日本乳業協会に取材したところ、日本には1956年に紹介され、すぐに協同乳業が製造を開始しました。しかし、当時はまだ冷蔵庫が普及しておらず導入が早すぎたそうです。その後、1964年の東京オリンピックの選手村で提供され、1966年に鳥取県で給食に導入されました。そこから全国に広がったそうです。またスーパーマーケットの登場も紙容器の普及につながったといいます。
しかし、三角パックの牛乳はその特殊な形状から積み上げることが難しく、また搬送するのに六角形の専用ケースが必要になるなど、輸送効率の悪さが大きなネックでした。そのため1980年ごろに現在多く見掛けるブリックタイプ(四角い形状)の牛乳が広く使われるようになり、三角パックの牛乳は給食から姿を消しました。
給食で使われなくなってからもテトラ・クラシックの飲料は製造され続けてきましたが、2004年ごろに完全に製造中止となりました。その理由は、機械のメンテナンスが不可能になったことです。実は1999年にメーカーが機械の製造を終了しており、これ以上部品の供給や機械のメンテナンスが続けられないということで、最後まで生産していた3社が同時に中止したのだそうです。
国内では2004年に製造中止となった三角パックの飲料ですが、2014年に一度アルミ入りの常温保存ができる新容器として復刻したものの現在は市場に出ていません。ただ、「ポリエチレン製」の三角パックの牛乳なら、北海道の株式会社べつかい乳業興社と北海道酪農公社の2社が製造しています。現地での購入やお取り寄せのほか、デパートやスーパーの北海道フェアなどでも手に入ります。コンビニで売っていることもあるので、懐かしい三角の牛乳を試したい人にはお薦めです。

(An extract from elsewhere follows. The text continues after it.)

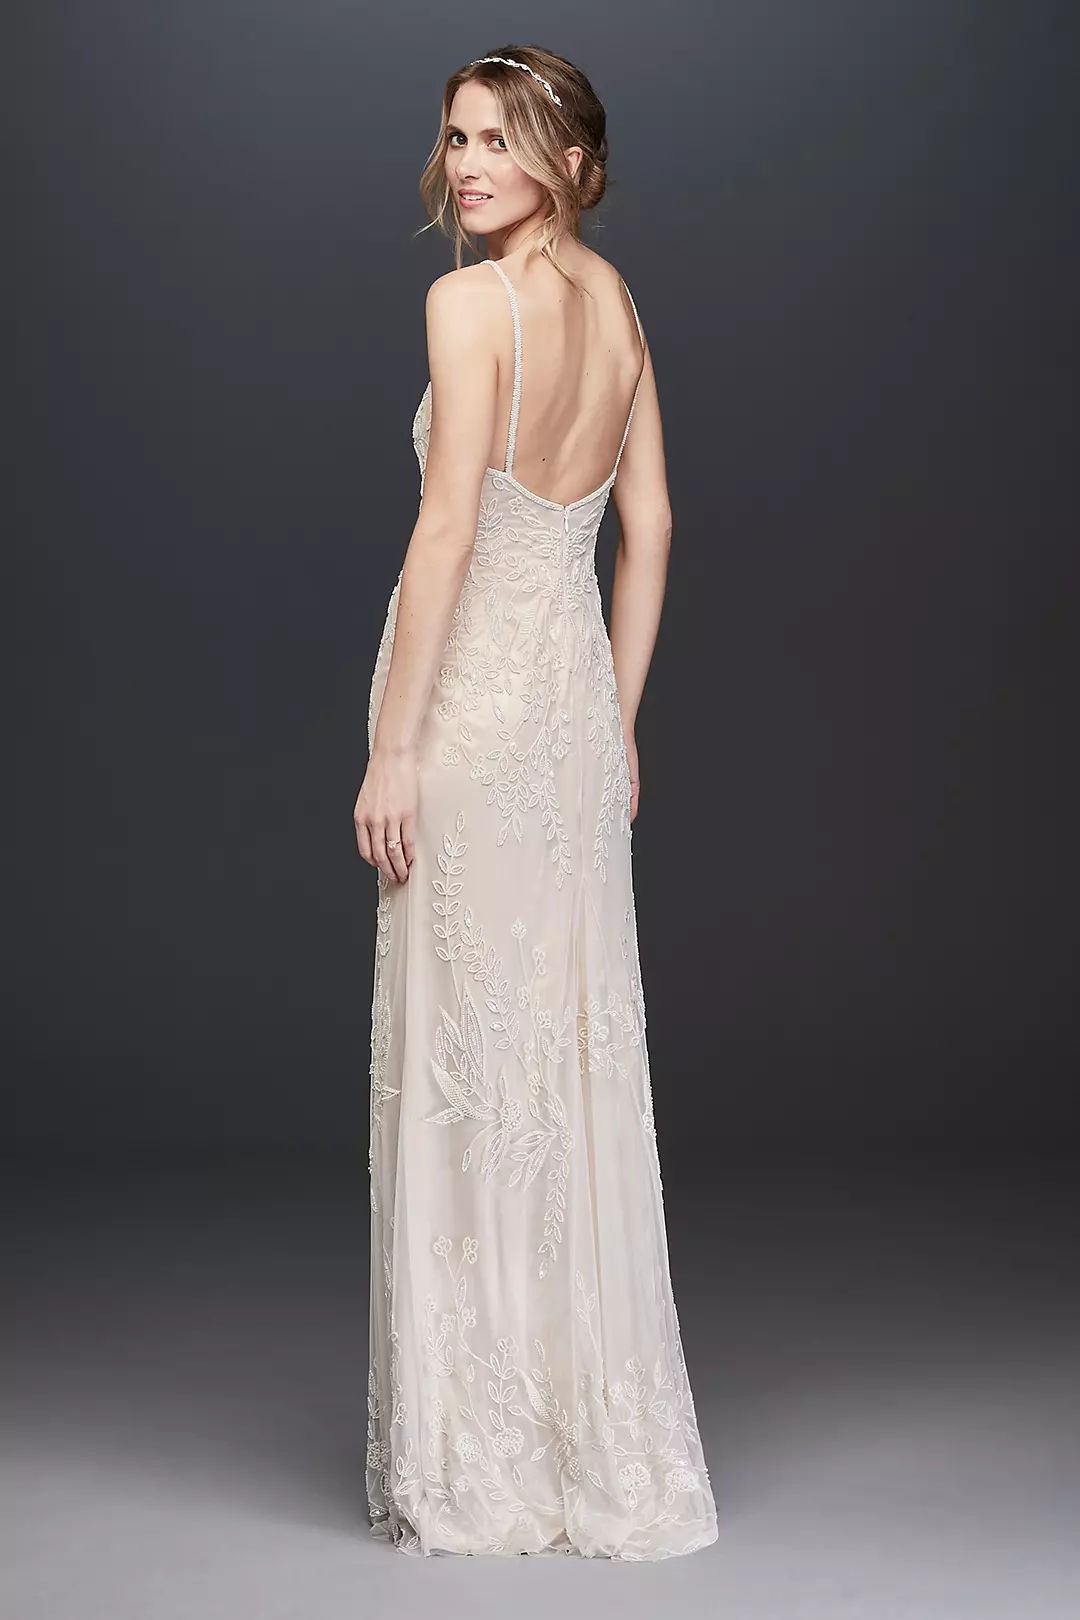 As Is Allover Floral Beaded Sheath Wedding Dress Image 2

生産効率の良さから爆発的に広まるも、運送効率の悪さがネックとなって廃れてしまったテトラパックの牛乳。その歴史をたどると、給食で使われたのはわずか10年ちょっとと、あまり長くありませんでした。それでも、多くの人の記憶に残っているのはすごいことですよね。上述のように、ポリエチレン製の三角パックの牛乳なら今でも手に入るので、興味がある人は試してみるといいですね。